②作戦会議
「敵は橋頭保となる地点………補給や物資の運搬がしやすい場所を求めたのではないですか?」
フェルラントが額に手を当てながら答えた。そして地図上のゲンテの街に指を向ける。
「この街には、我々が集めた物資が大量に捨て置かれています!」
「加えると、地元領主が我々に売らせなかった物資もだ」
街一つに残されたあらゆる物資で、蛮族達は数千人分の物資を確保した事になる。
「奴らは、この街にそれだけの物資が集まるのを知っていた。そして、俺達が騎士団を分けた時期を見計らって攻めてきた」
あまりにもタイミングが良すぎる。デルは、自分達の情報が筒抜けだったと確信する。
「そんな馬鹿な………それだけの情報収集力が蛮族達に」
フェルラントが眉をひそめた。
そこへ、デルは人差し指を天井へ向ける。
「空だ………俺も、昨日まで全く気が付かなかったよ」
デルは重傷のオセを運んだ正体が翼をもった亜人、バードマンだったと説明すると、二人はこれまでに何度も鳥らしき姿が自分達の真上、空高くで円を描いていた事を思い出す。
「全く嫌な話だ」
デルが苦い表情になる。そして蛮族からしてみれば、さぞ簡単な任務だっただろうと自嘲気味に鼻を鳴らす。空を飛んでいるだけで、どこから敵が来るのか、物資がどこに集まっているのか、敵の数から陣形まで分かるばかりか、それを妨害する外敵すら存在しない。
「しかし、敵が空から情報を得るのであれば、ゲンテへの襲撃も察知されてしまうのでは?」
「いや、それは解決できる」
バルデックのもっともな疑問にデルが即答すると、フォースィの顔を見る。すると彼女は地図に近付き、ゲンテの街から北東にある森を指した。

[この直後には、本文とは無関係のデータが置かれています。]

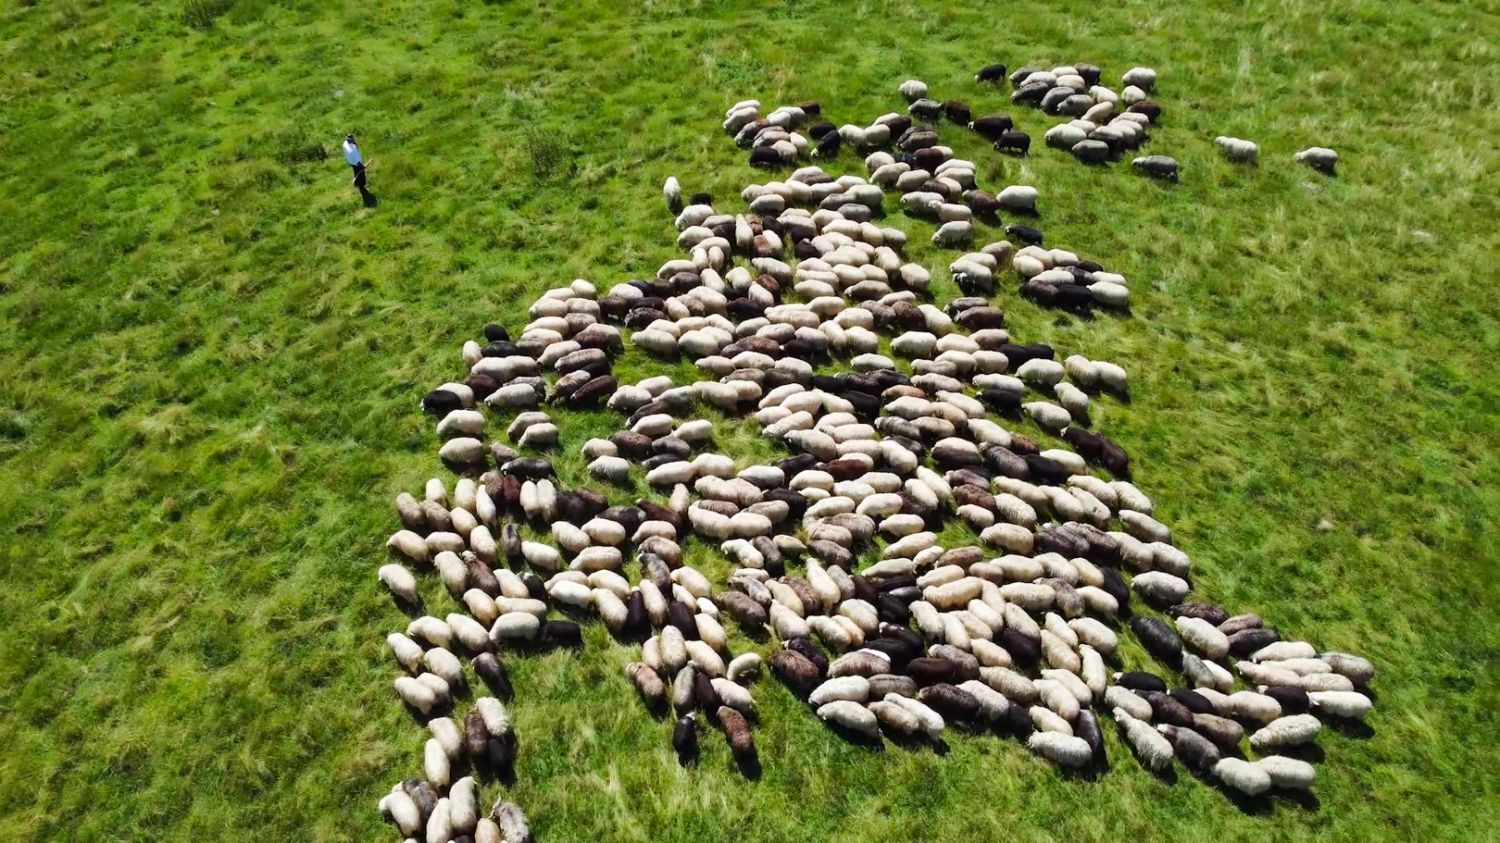 Widok pasterza ze stadem owiec

「この集落の地下には大きな洞窟があって、その出口がここに通じているの。さすがの彼らもこの洞窟の存在までは知らないはず。知っていたとしても、わざわざここに戦力を裂く事はしないでしょう」
「さらに蛮族達は、これから王国騎士団の本隊と対峙するべく、殆どの戦力を街の外へと向けているはずだ」
これから本隊に向かっても、既に戦いは始まっているだろう、デルはさらにと付け加える。

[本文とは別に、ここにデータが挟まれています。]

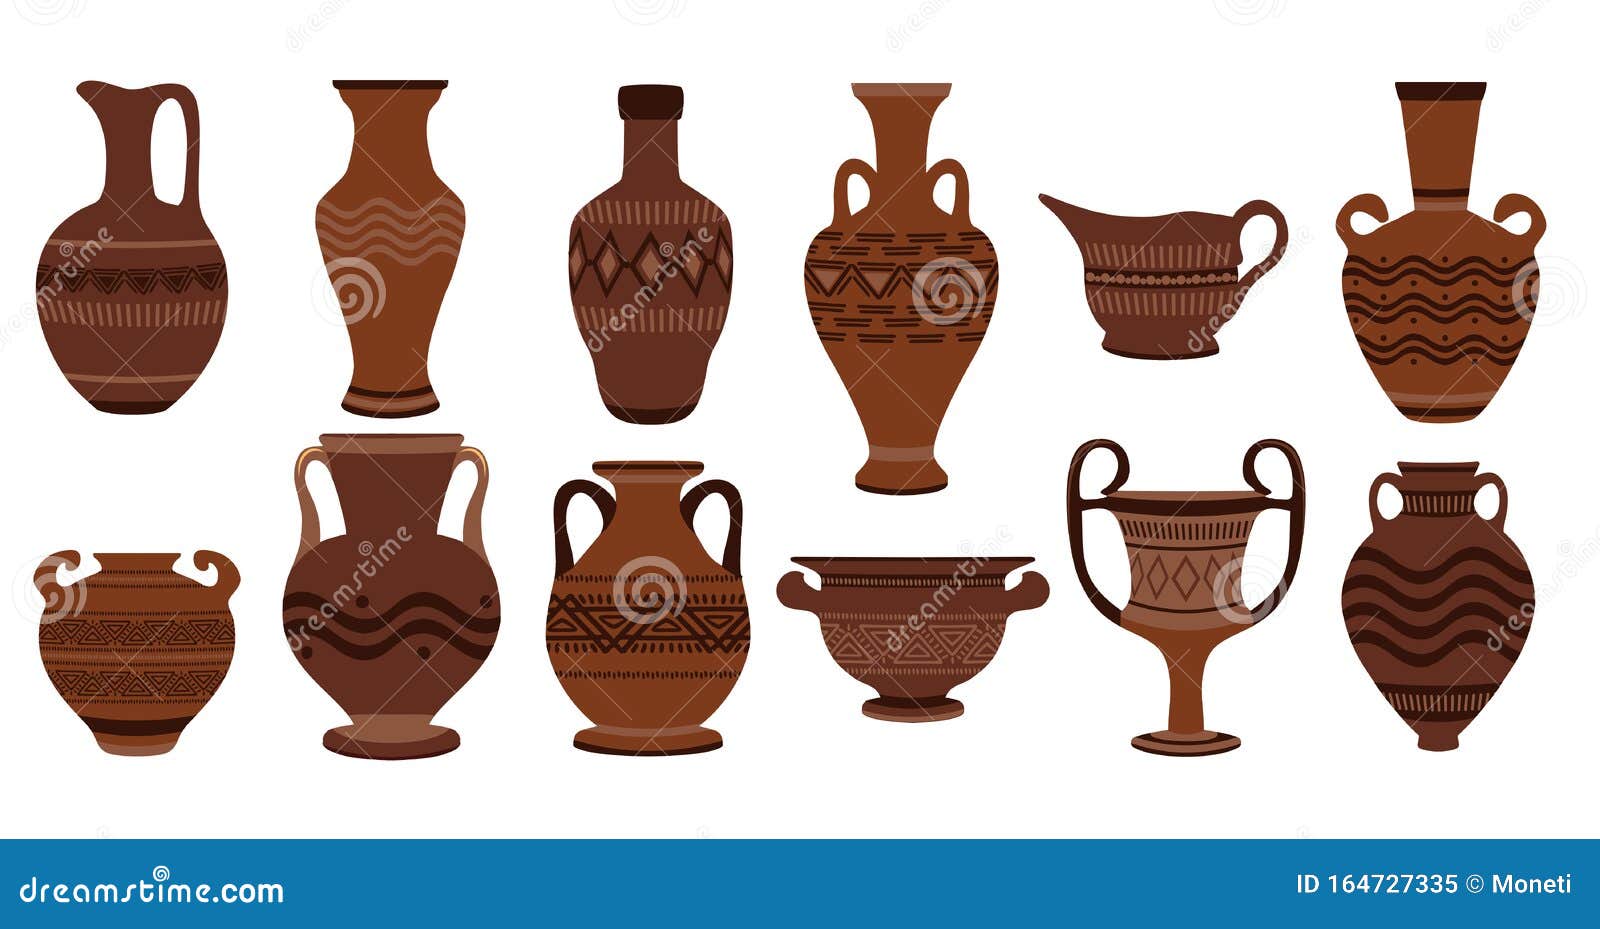 Greek Clay Pots. Illustration of Clay Roman Traditional Vase Stock ...

「仮に我々が戦いの前に合流できたとしても、どこまで信用してもらえるか分からない」
戦ってきた我々ですら未だに信じられないと思っている者が多い。人類が、王国が、蛮族達を単なる低水準の文化を持つ原始的な人種と侮り続けたツケが、ここになって回ってきたのである。
デルは下唇を噛みながら悔しがった。
「………分かりました」
フェルラントは一旦両手で顔を覆うと目頭を強く抑えるように揉み、大きく息を吐きながらデルの提案に賛同する。

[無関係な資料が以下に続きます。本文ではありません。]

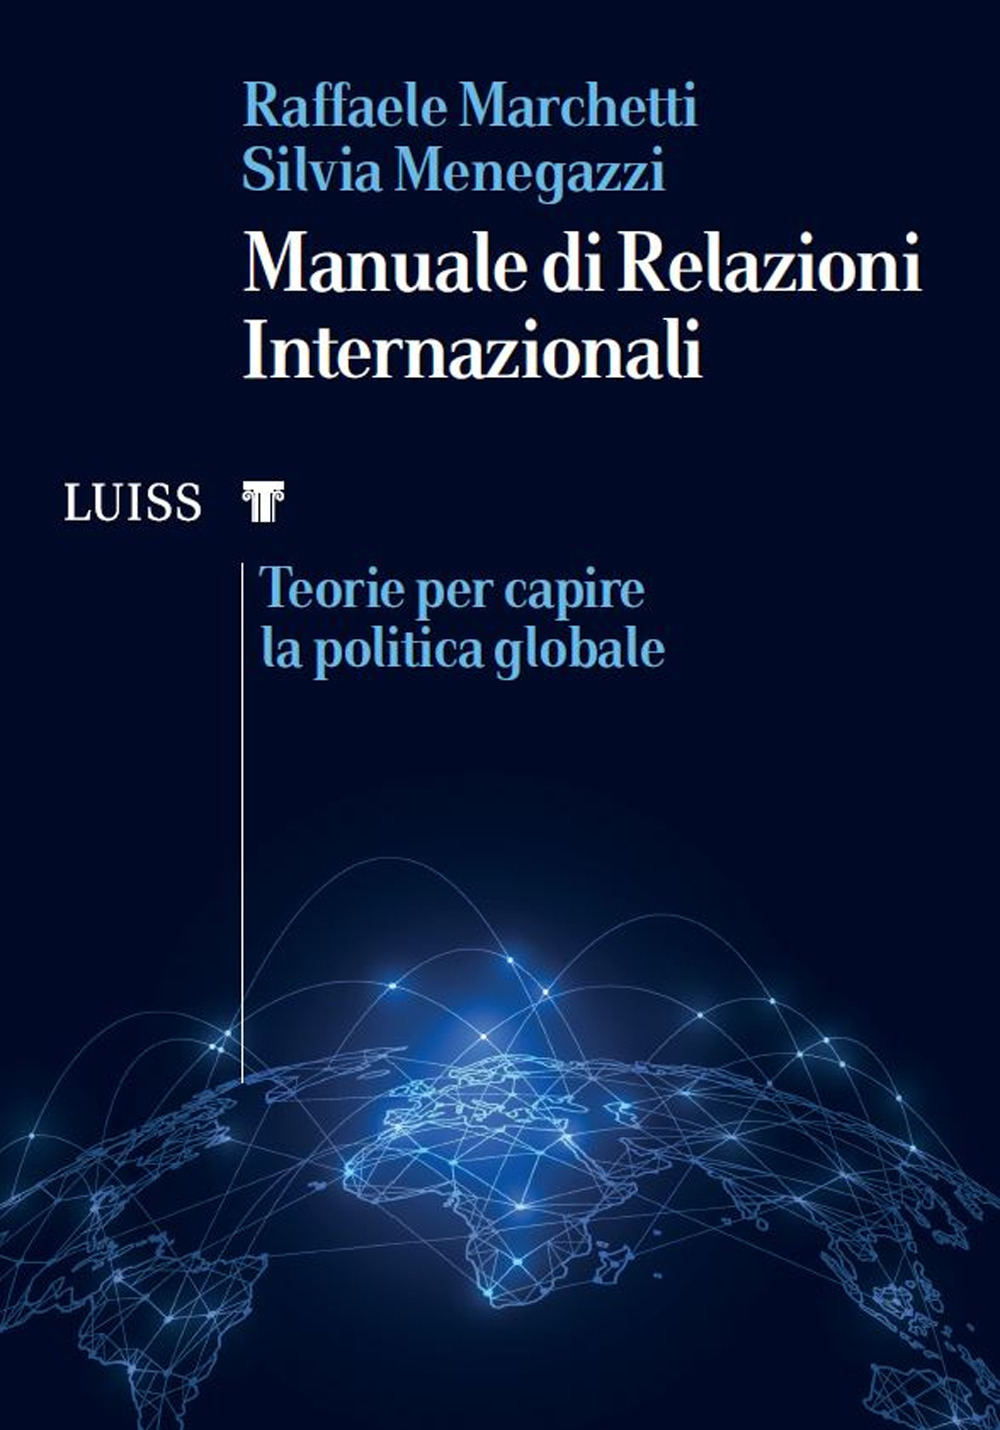 Manuale di relazioni internazionali. Teorie per capire la politica globale

「どれも憶測ばかりなので、本来であれば団長を止めなければならない立場なのですが………どうやら、それしかないように思えますなぁ。上手くいけば敵の後方を断ち、間接的に騎士団の本隊を助ける事に繋がります」
大軍同士の戦闘において、補給や退路が断たれる事による心理的負担は決して小さくないと、フェルラントがぬるくなった薬湯を飲み干した。
「我々はどこまでも団長についていきますよ」
バルデックは全部言われてしまいましたと肩をすくめる。
「………皆、すまないな」
デルは自分のコップを持つと、二人に見せるように少し掲げてから、薬湯を飲み干した。